In another 2001 study, researchers interviewed 74 adults about their life story. During a two-hour conversation, participants described a variety of scenes from their lives, including a high point, a low point, a turning point, their earliest memory, and important scenes from childhood, adolescence, and adulthood. When their stories were analyzed, the results showed that participants who tended to tell more stories of redemption also reported higher life satisfaction. Redemptive stories were more strongly linked to life satisfaction than stories involving positive emotions, so it wasn’t just redemption’s happy ending that made people feel better.
“A [redemptive] story suggests hope and progress in life and may thus confer on the storyteller a general coping advantage,” the researchers write. It may become a self-fulfilling prophecy, whether the positive interpretation was initially true or not: In a 2013 study, alcoholics who said their last drinking episode improved them in some way (making them stronger or more motivated) were more likely to be sober and in better health four months later.
In middle age, people who tell redemptive stories also tend to display more altruism, or “generativity”: acts such as volunteering, mentoring, civic activity, parenting, and teaching.
More evidence is needed before researchers conclude that particular life stories cause people to become happier, but they suspect it’s a kind of loop: Emphasizing certain life themes leads to happiness, but it’s also the case that happier people are more likely to highlight certain themes, and to become even happier.
How goals fit into your life story
In reading about these themes, you might find yourself gravitating toward one of them. Perhaps you’re prioritizing relationships at this point in your life, or you’re struggling to overcome trauma.
“The trick really is identifying the type of theme that will work for you and your life (there’s no “one size fits all” solution here),” says UC Riverside professor Will Dunlop.
So how should your life theme inform your goals for the next year?
The first thing to understand is that goals are part of the tapestry of the life story. “There can be no story without intention,” wrote McAdams in 1992. “Further, there can be no intention without story.”
As a rule, then, life stories and goals tend to align. In a 2006 study, researchers asked undergrads to describe their goals and their life stories. They found that students with social goals (to meet people or make friends) were more likely to have social life stories—life stories emphasizing the themes of communion and altruism. Goals can even shape which memories we’re more likely to recall.
Achieving this kind of integration between goals and life stories will make us more motivated and energized to work toward our aims, says McAdams.
“Goals are crying out or beckoning to be brought into the narrative,” he says. “There’s this ongoing story about life, and if a goal is worthy of being brought into that ongoing narrative, then it’s arrived.”
When a goal gets integrated into our life story, “it raises the stakes,” he adds. “It says, ‘This is an important thing. My very identity is (to a certain extent) hinging on success.’” And the more a goal becomes part of our identity, self-determination theory suggests, the more it moves from being extrinsically motivated toward being intrinsically motivated.

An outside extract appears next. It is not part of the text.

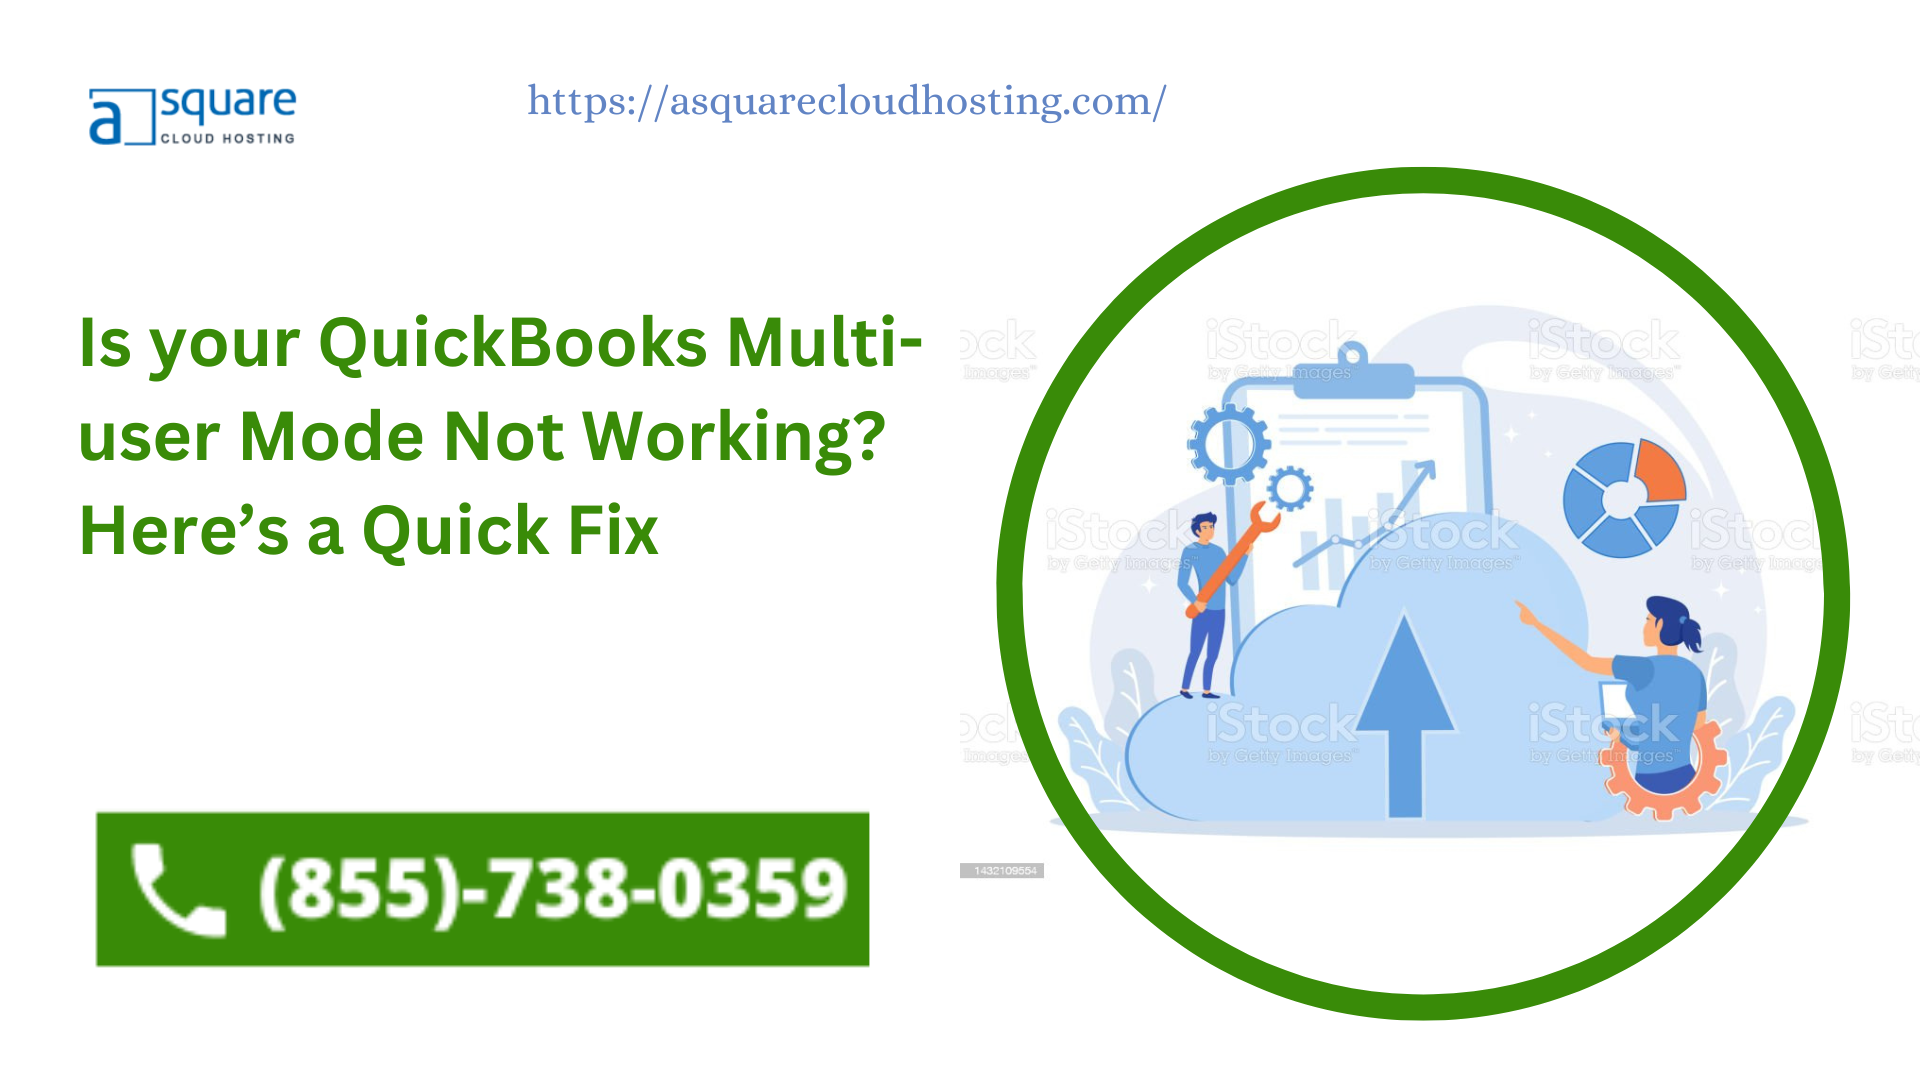 Is your QuickBooks Multi-user Mode Not Working? Here’s a Quick Fix

Yet McAdams also points out that a goal may represent a departure from our previous trajectory in life, a kind of transition or turning point—and that can become part of our life story, too. The workaholic who vows to make it home in time for dinner may be shifting from a theme of agency to a theme of communion, for example.
Either way, it’s wise to understand how our aims for the future relate to our path in the past. Goals and New Year’s resolutions don’t have to be isolated aspirations, failed and forgotten. Instead, they can contribute to crafting a life theme and an identity that endure.